■ **Aim of the task**:
Give exactly the lines from the one with "Marlana M. Orloff, MD, an" through the final line of the listing below, both included, leaving out any pictures.

■ **Data block**:

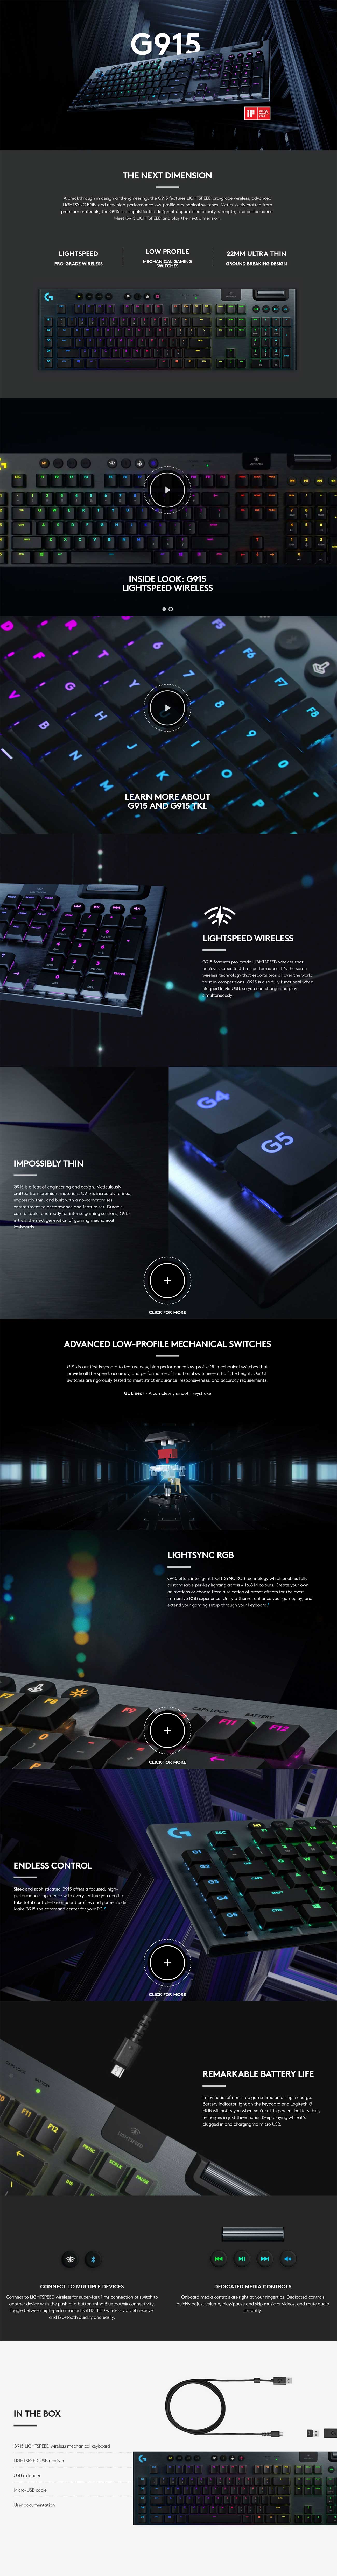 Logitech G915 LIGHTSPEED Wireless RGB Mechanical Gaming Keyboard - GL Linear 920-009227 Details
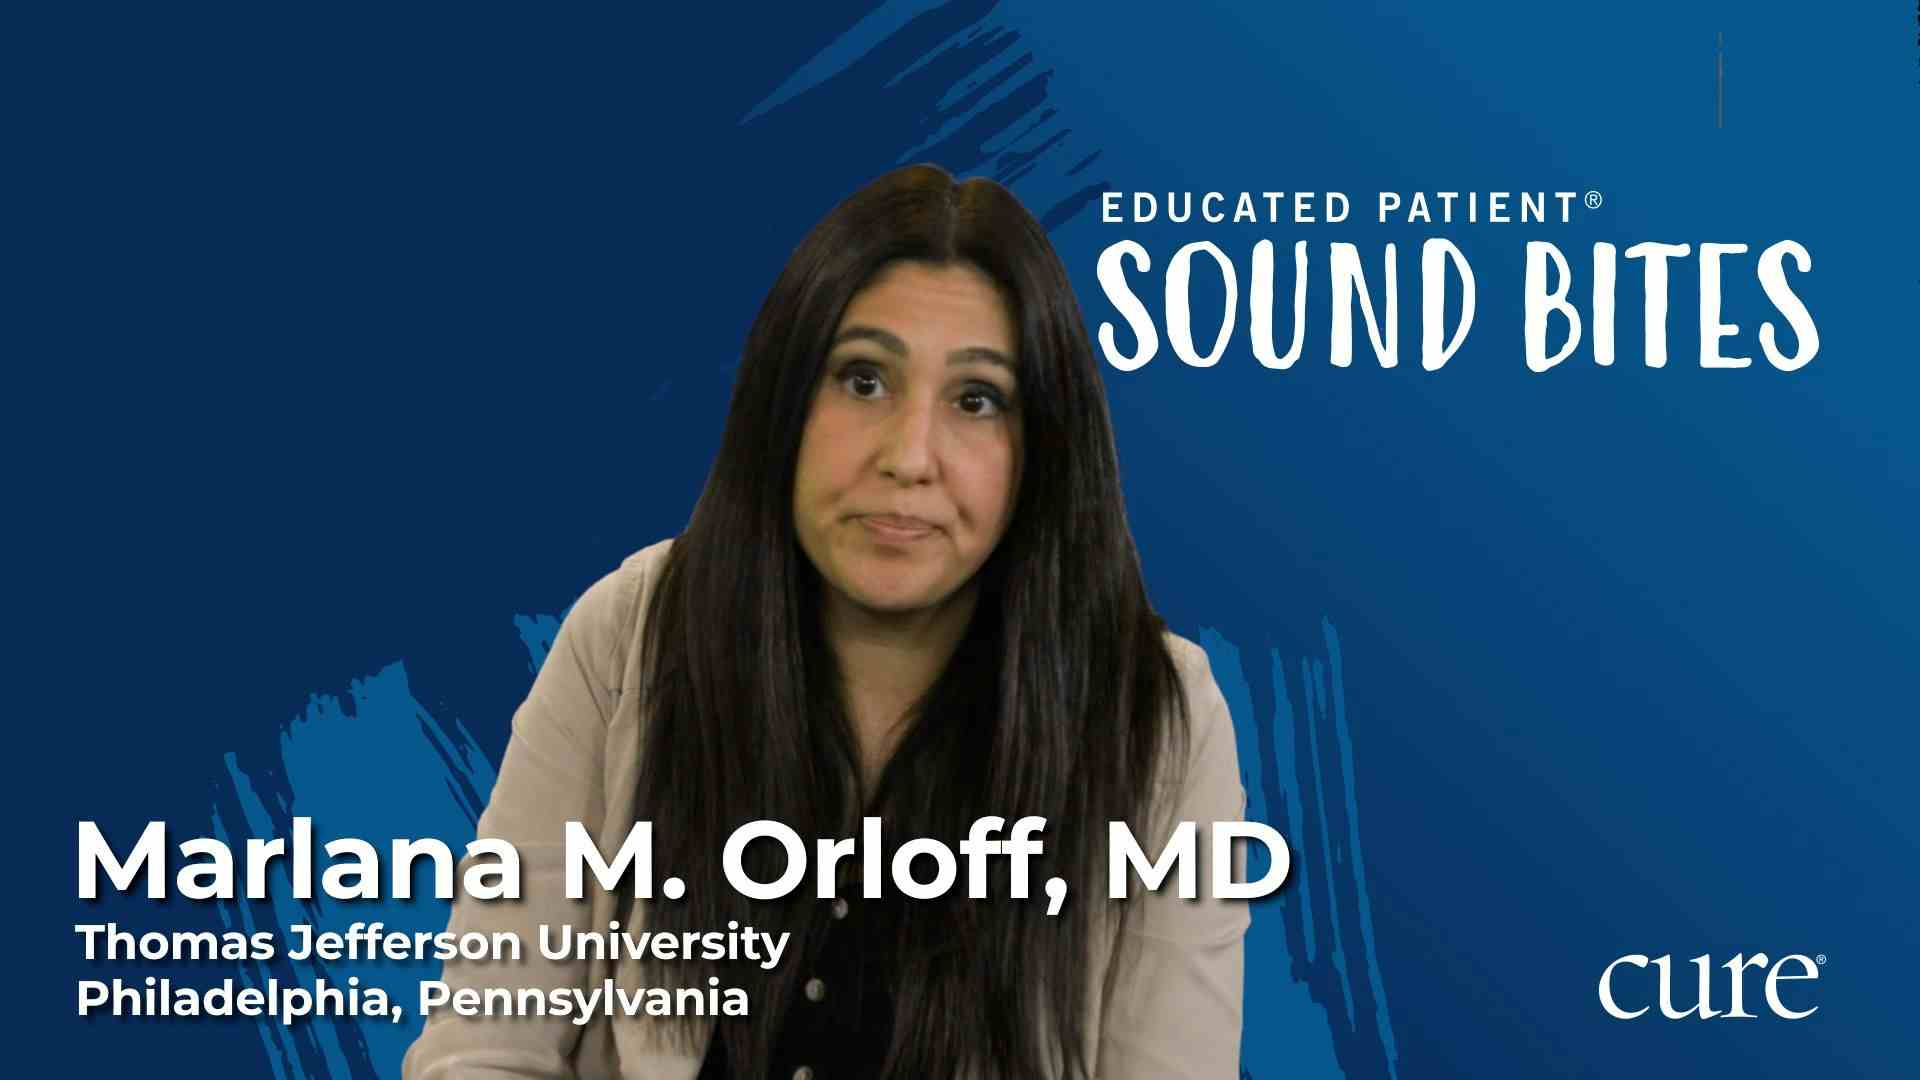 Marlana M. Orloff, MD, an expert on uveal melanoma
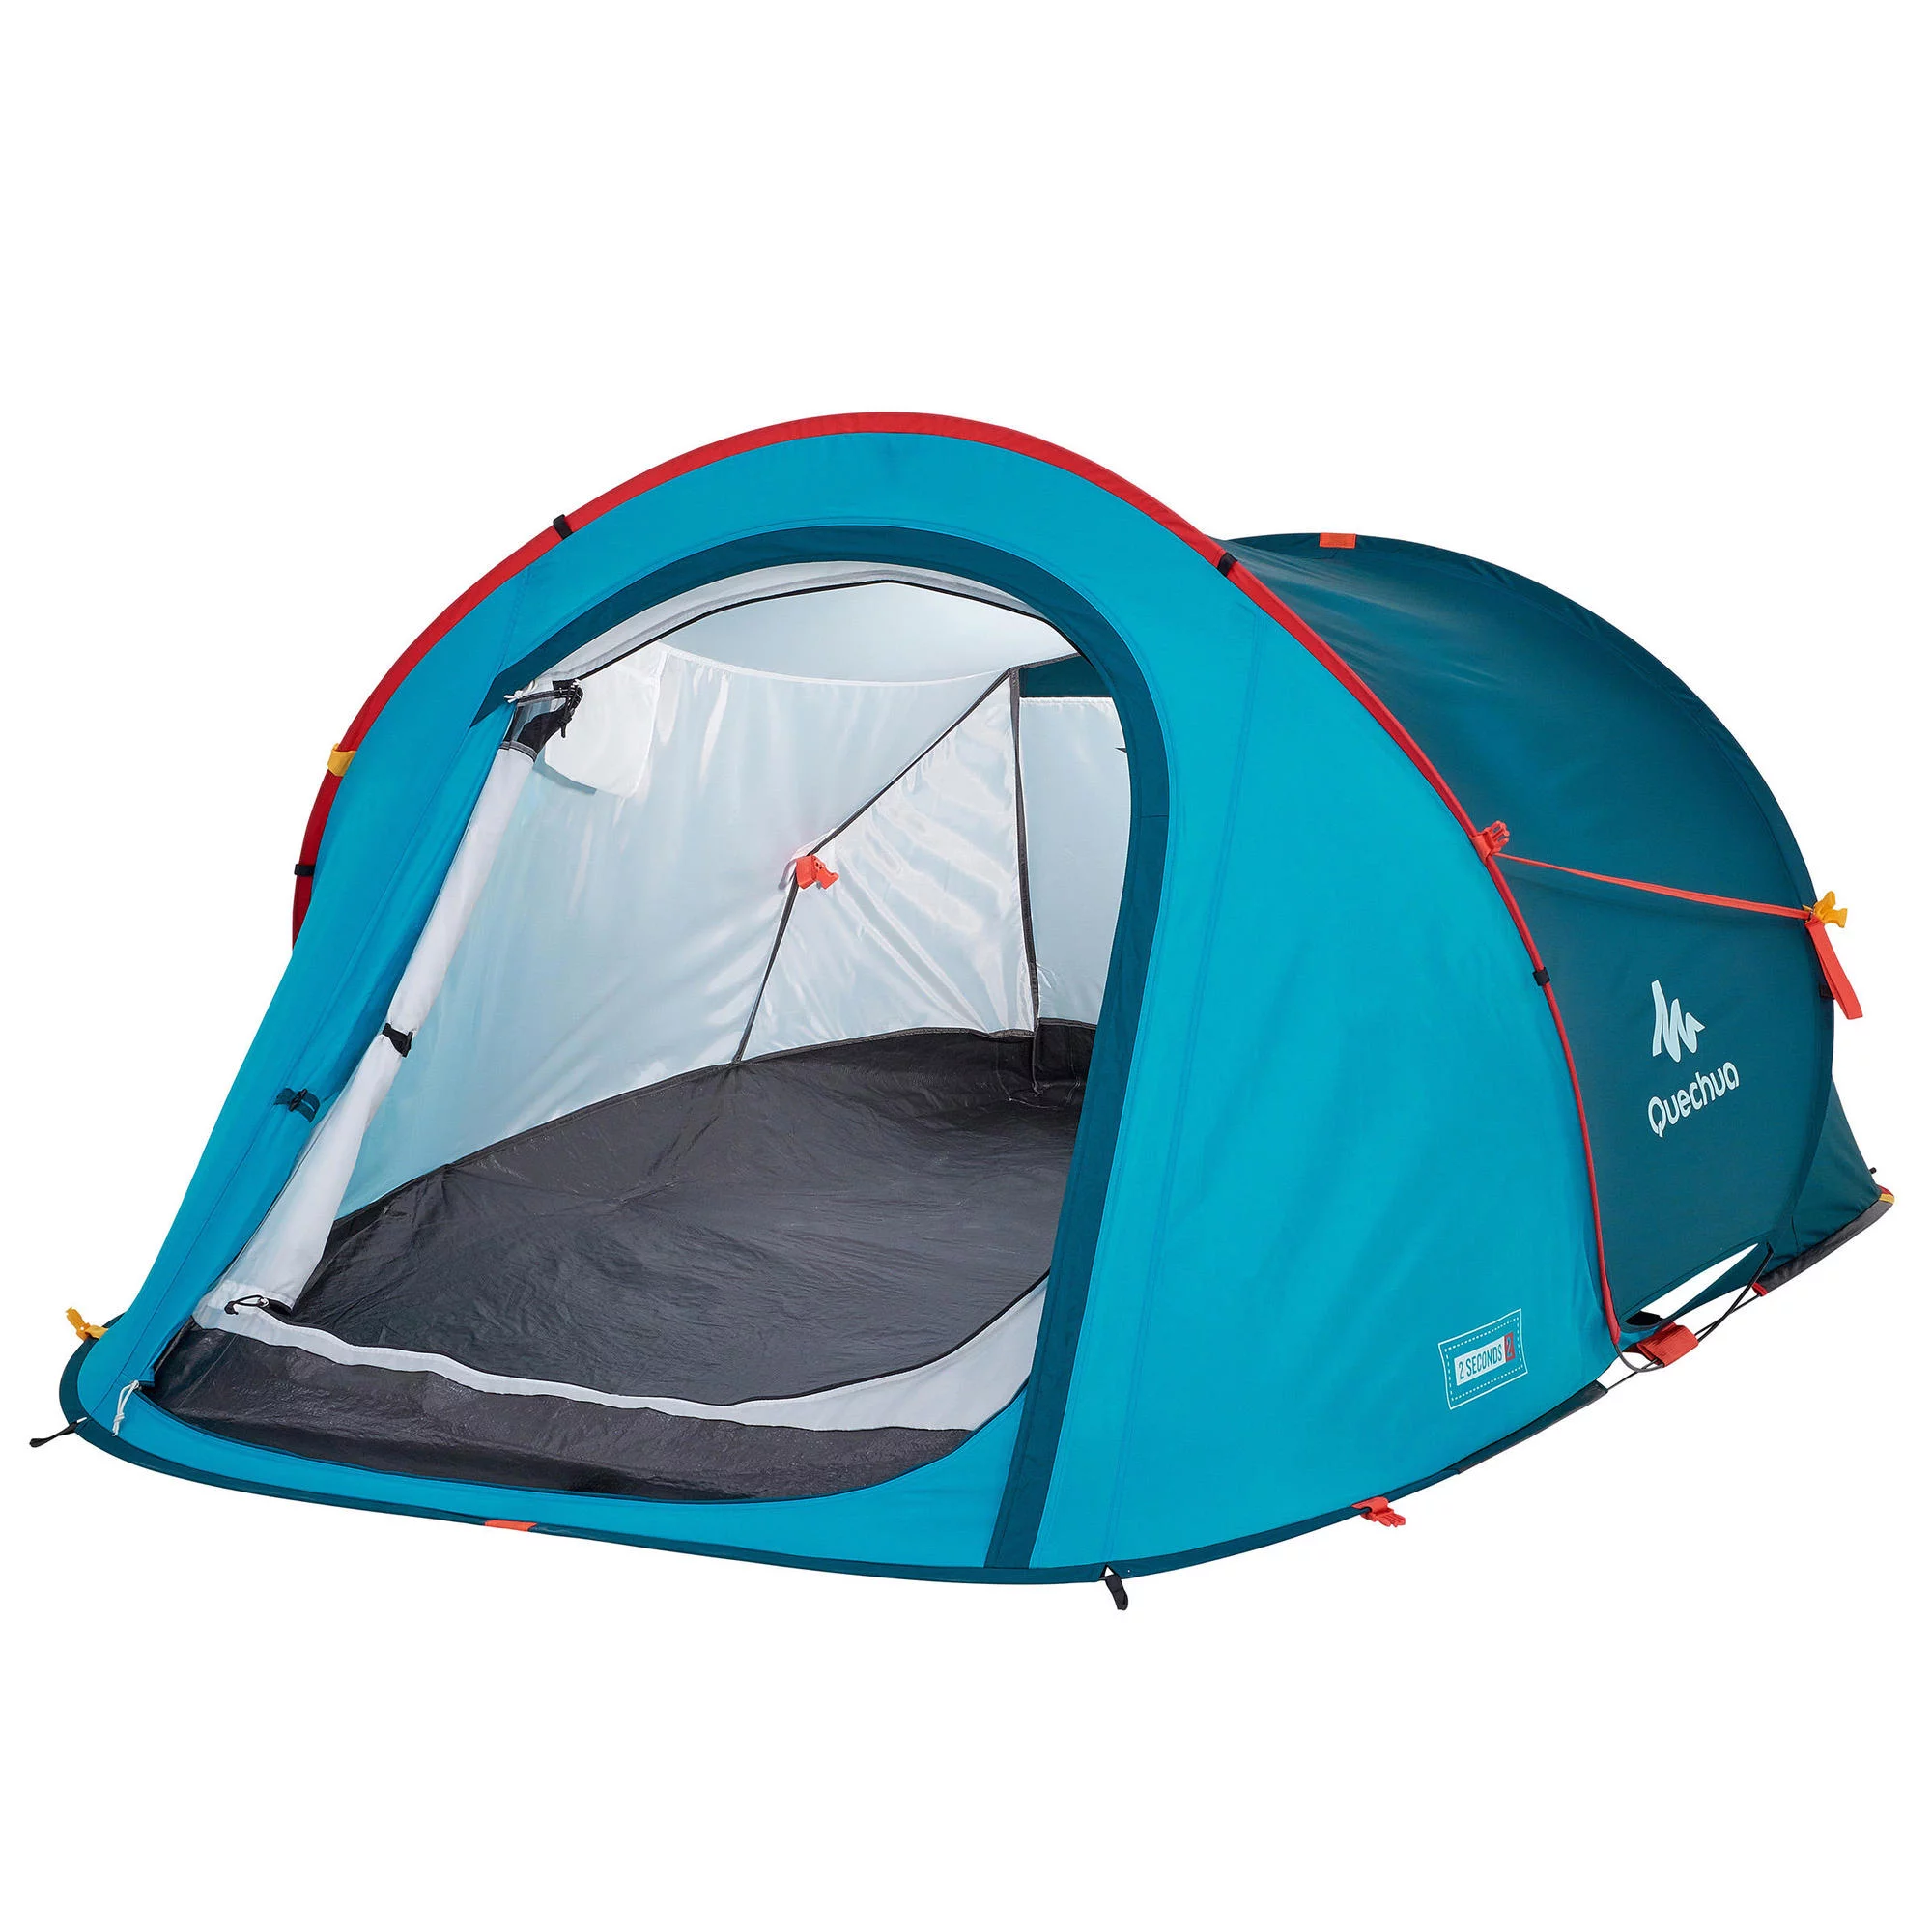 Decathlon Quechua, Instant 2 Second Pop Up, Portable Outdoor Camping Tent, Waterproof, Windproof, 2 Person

■ **Solution to this exercise**:
 Marlana M. Orloff, MD, an expert on uveal melanoma
 Decathlon Quechua, Instant 2 Second Pop Up, Portable Outdoor Camping Tent, Waterproof, Windproof, 2 Person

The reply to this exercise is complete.